The obvious alternative design would call T's default constructor. That design would be inconsistent, because some static objects would go uninitialized. It would also cause subtle problems, because a particular static definition could be uninitialized or initialized to 0 depending on whether T is an extern type or a typedef.

Except when calling constructors, parameter passing invokes constructor functions. Passing argument expression e to a parameter would be equivalent to initializing the parameter with that expression. When calling constructors, the value of the argument would be copied into the parameter.

When the lifetime of x ends, a destructor function would be called. The call would be treated much like the function call (?destroy)?(a). When a block ends, the objects that were defined in the block would be destroyed in the reverse of the order in which they are declared.

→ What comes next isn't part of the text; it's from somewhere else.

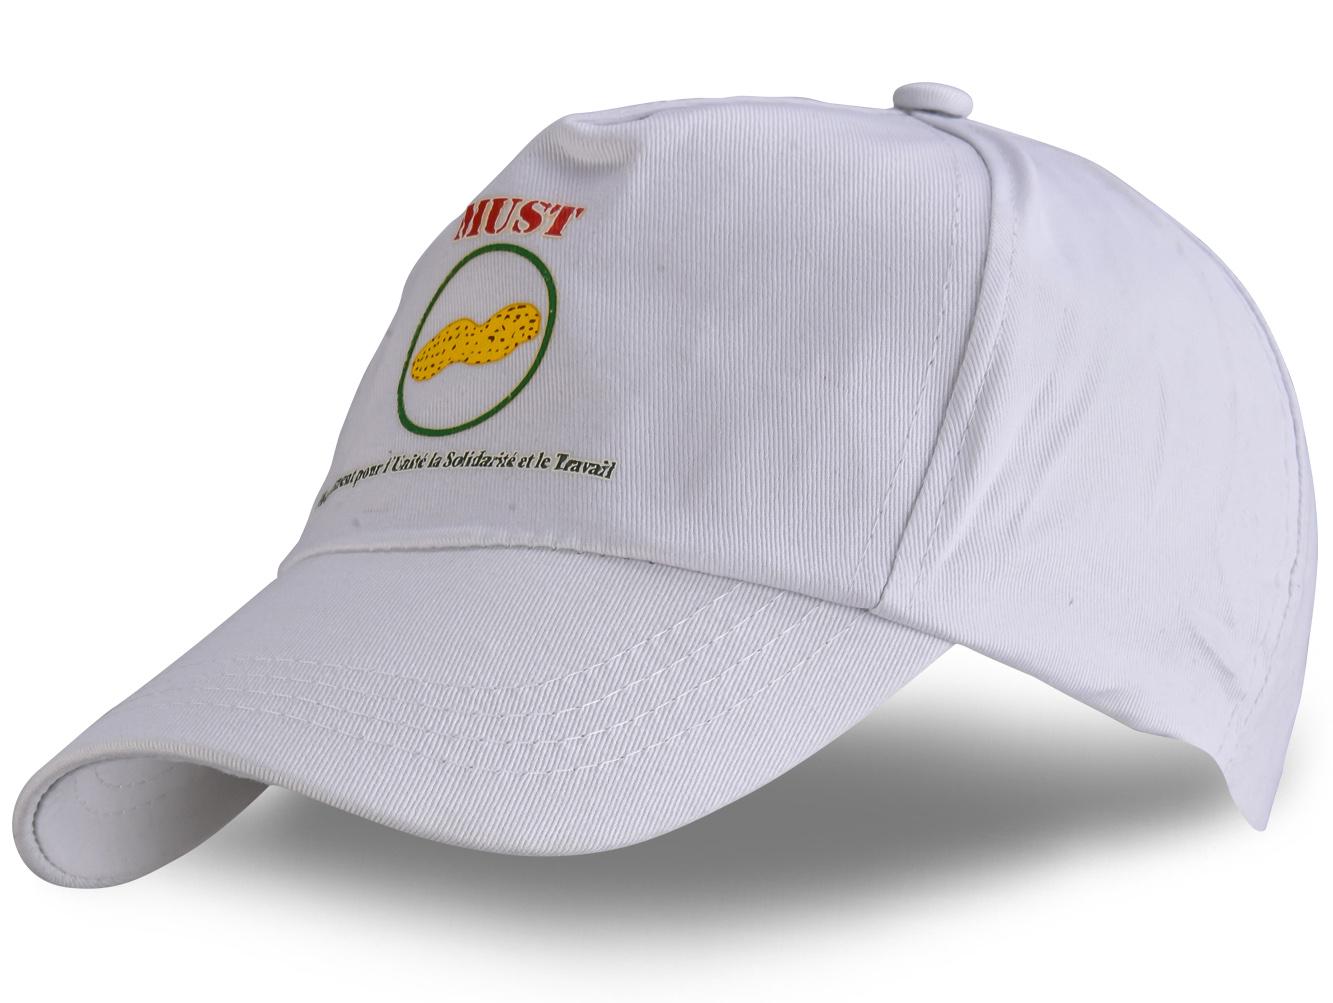 Дешевые кепки для охотников с доставкой по Москве и России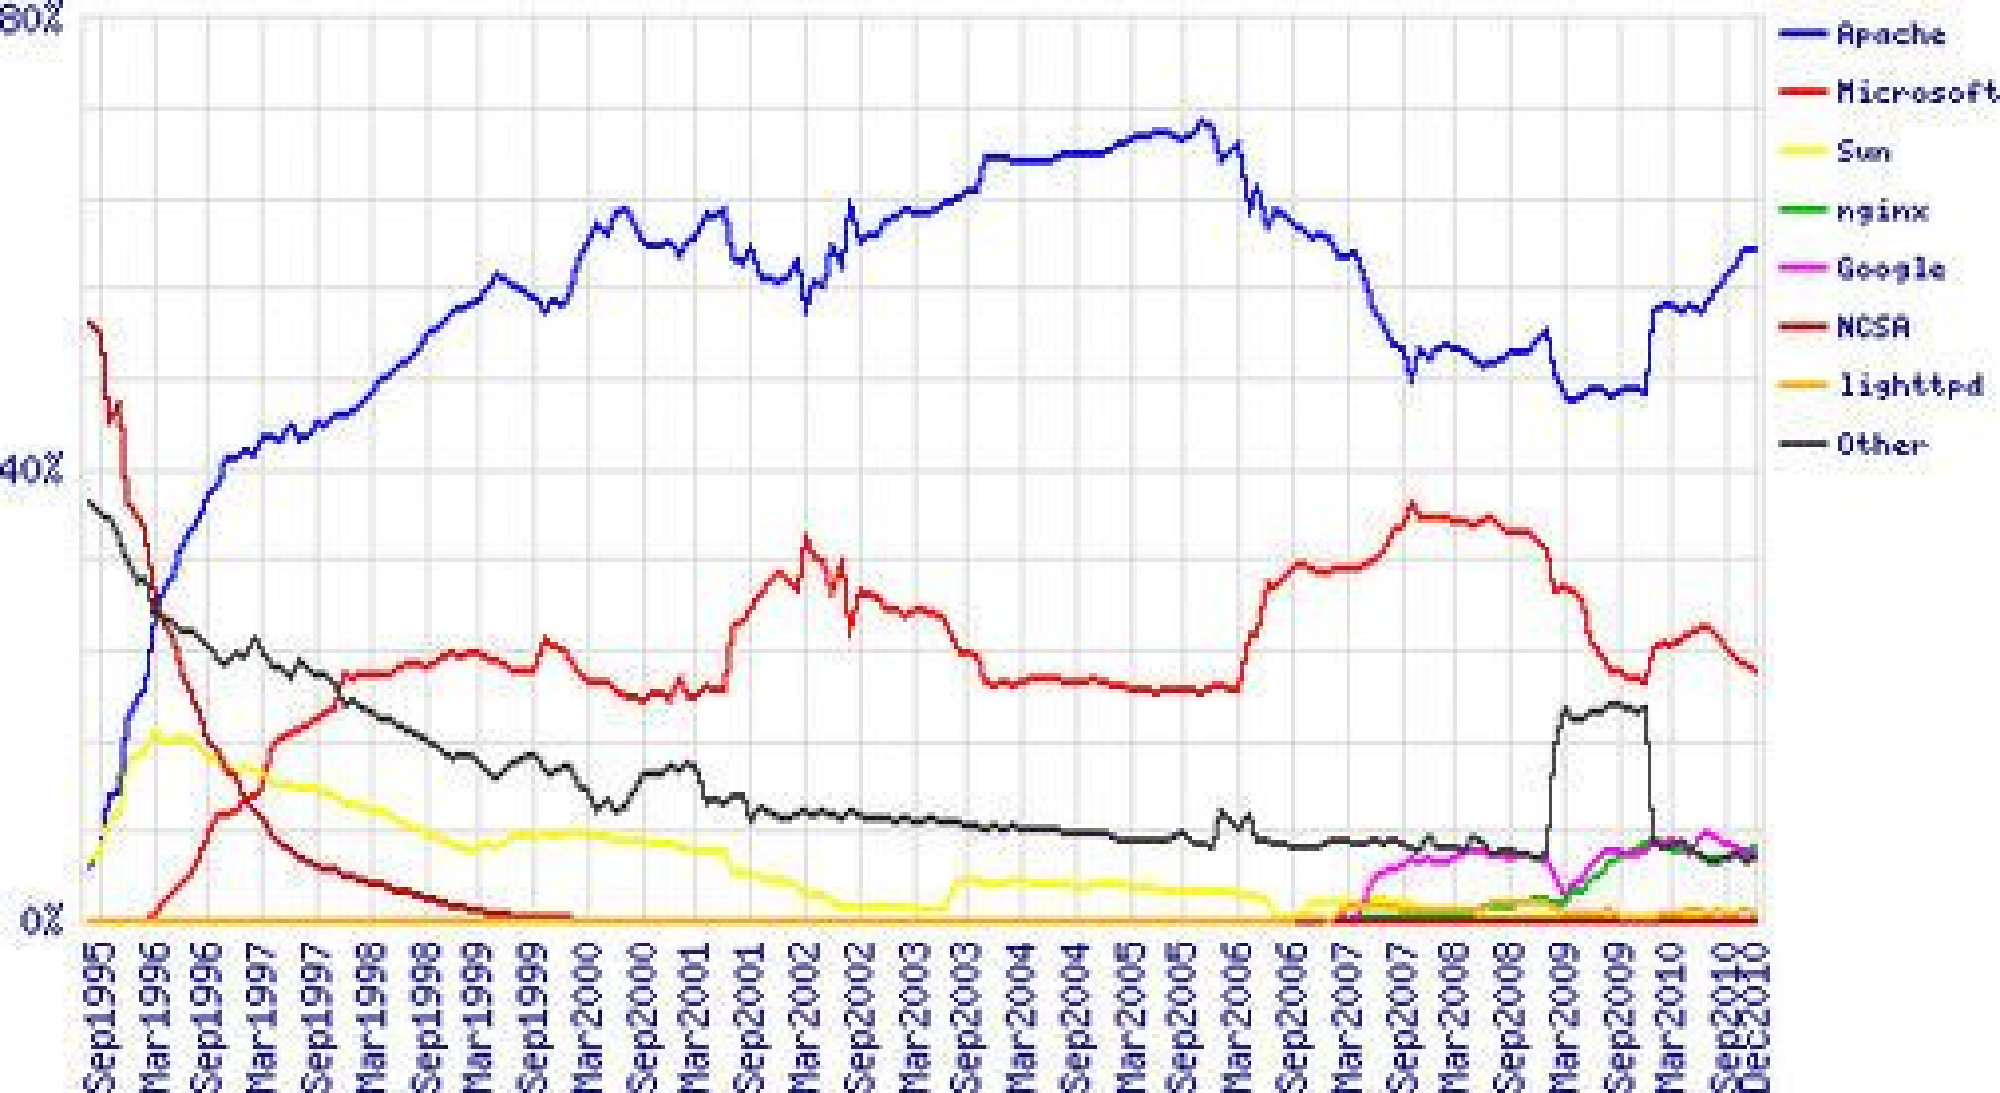 Markedsandelen til ulike webserverer i perioden august 1995 til desember 2010

The storage class specifier register will have the semantics that it has in C++, instead of the semantics of C: it is merely a hint to the implementation that the object will be heavily used, and does not prevent programs from computing the address of the object.

Default Functions

In Cforall-as-is, every declaration with type-class type implicitly declares a default assignment function, with the same scope and linkage as the type. Extended Cforall would also declare a default default constructor and a default destructor.

{
    extern type T;
    T t;           // calls external constructor for T.
    }              // calls external destructor for T.

The destructor and some sort of constructor are necessary to instantiate the type. I include the default constructor because it is the most basic. Arguably the declaration should also declare a default copy constructor, but I chose not to because Cforall can construct a copy constructor from the default constructor and the assignment operator, as will be seen below.

If the type does not need to be instantiated, it probably should have been declared by dtype instead of by type.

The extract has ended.